それでも一つだけやはり指摘しておきたいこと

 政次はやりがいのある複雑な役でした。しかしこのブログでも何度も指摘してきたように、恋愛面における整合性は、なつへの突然のプロポーズ、直虎の不可解なほどの無関心、槍ドンヘのプロット変更などの撹乱要素が重なって、少し後味の悪いものになってしまいました。

 私は折に触れて政次の「もしかしたら」を考えるのですが、最近強く思うのは、32話のなつへのプロポーズ、百歩譲ってこのシーンが起きたこと自体は受け入れるとしても、やはり唐突過ぎたのではないかということです。仮にも政次は準主役です。彼の直虎に対する思いは1話から積み重なってきたロングスパンのスレッドでした。視聴者も政次に感情移入して、彼の思いの成就をずっと応援してきたのです。

 『直虎』は他の登場人物の恋愛感情のビルドアップや前フリはわりあい丁寧に行ってきました。直虎→龍雲丸、龍雲丸→直虎、なつ→政次、しの→直親などは、前フリのせいで違和感なく理解することができました。しかしノベライズを読んでいなかった私にとって、政次のなつへの求婚は本当に唐突で、不可解な展開でした。政次が、いつ、どのような経緯でそのような気持ちを抱くに至ったのか、全く理解できませんでした。そして後からそれを何とか理解しようと過去回を振り返って考察したのがこのブログの出発点です。

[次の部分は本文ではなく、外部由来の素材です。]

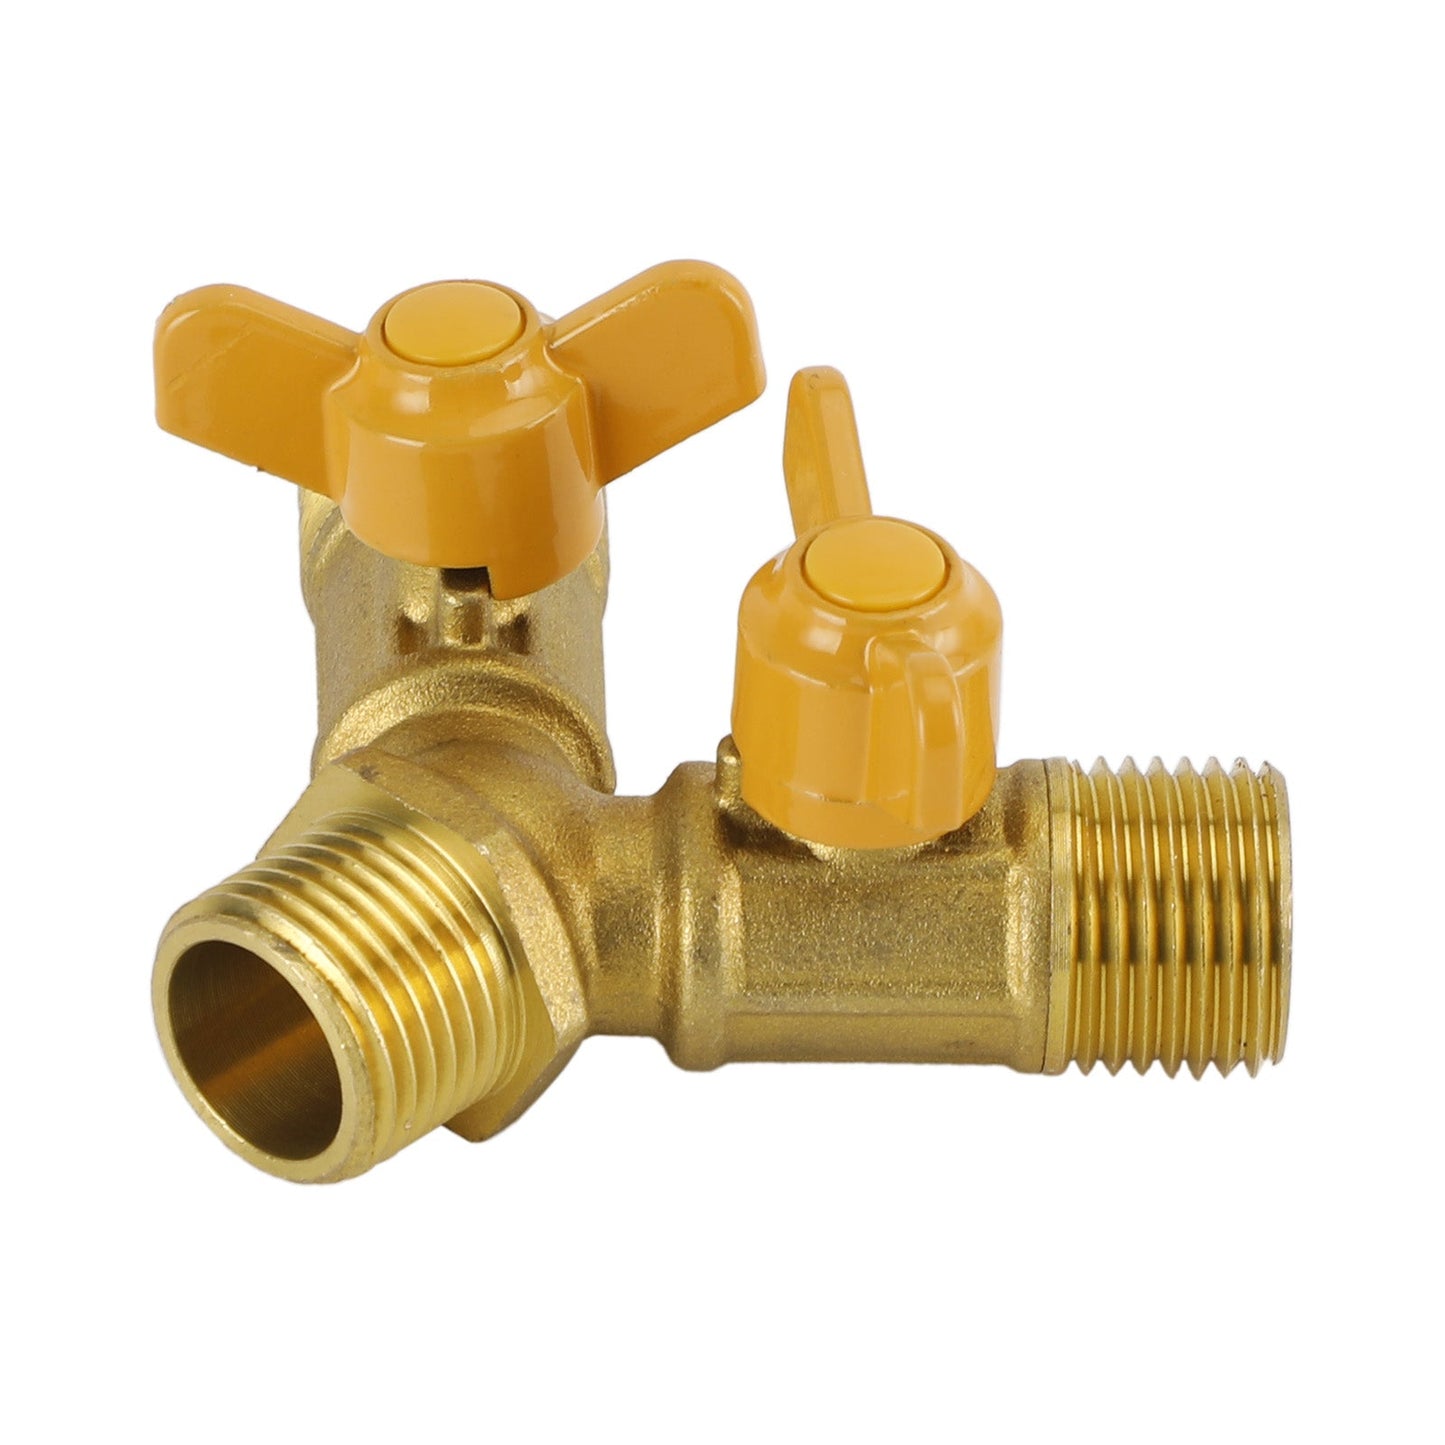 3 Way Shut off Ball Valve 1/2" Hose Barb Y Shaped Valve 2 Switch Brass Fitting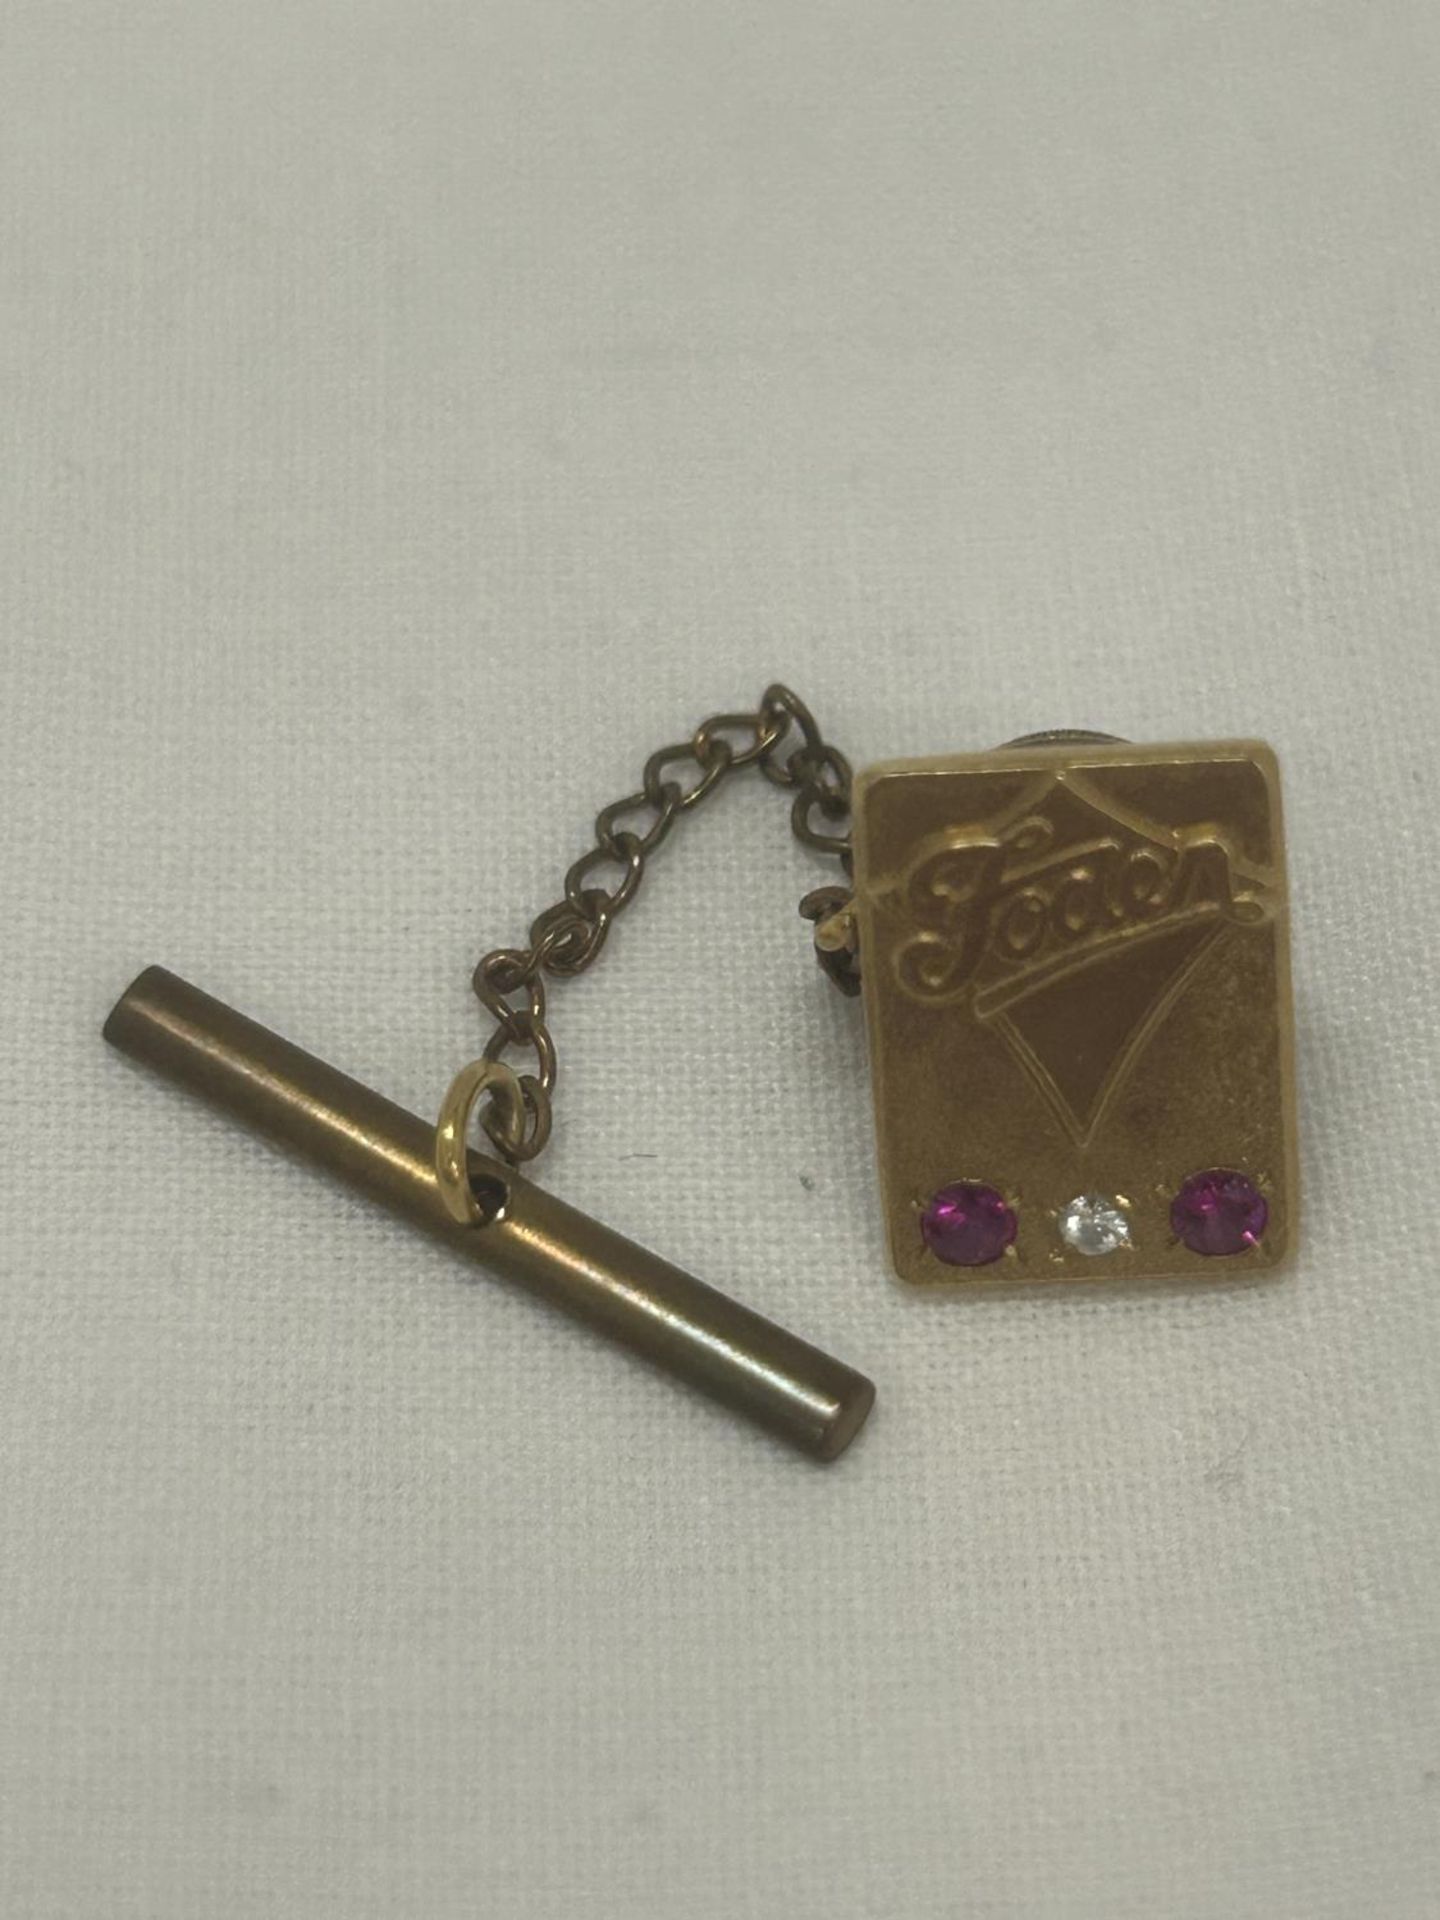 A HALLMARKED 9CT GOLD DIAMOND AND RUBY 'FODEN' PIN BADGE GROSS WEIGHT 4.84G

 仮に他のことはすべて水に流すとしても、この件に関しては、このような展開にするなら何か少しでも前フリをしてほしかったと思います。観客が、何とか話の辻褄を解釈の次元で合わせようとオロオロするような展開は、理想的な作話とはいえないと思います。

 

 私にとっての『直虎』のマジカルなモーメントは、政次の退場によって終わりました。それがこのドラマの中で一度でも起こったこと自体が奇跡だと思いますし、それを目撃することができて、とても幸運でした。2017年の春から初夏にかけて感じたあのセンス・オブ・ワンダー、毎週日曜日が楽しみで心が浮き立つような感覚は、ずっと忘れたくありません。そして、少数派かもしれませんが、『おんな城主直虎』における高橋一生さんの小野政次役は、彼の最高傑作であり代表作であると声を大にして叫びたいと思います。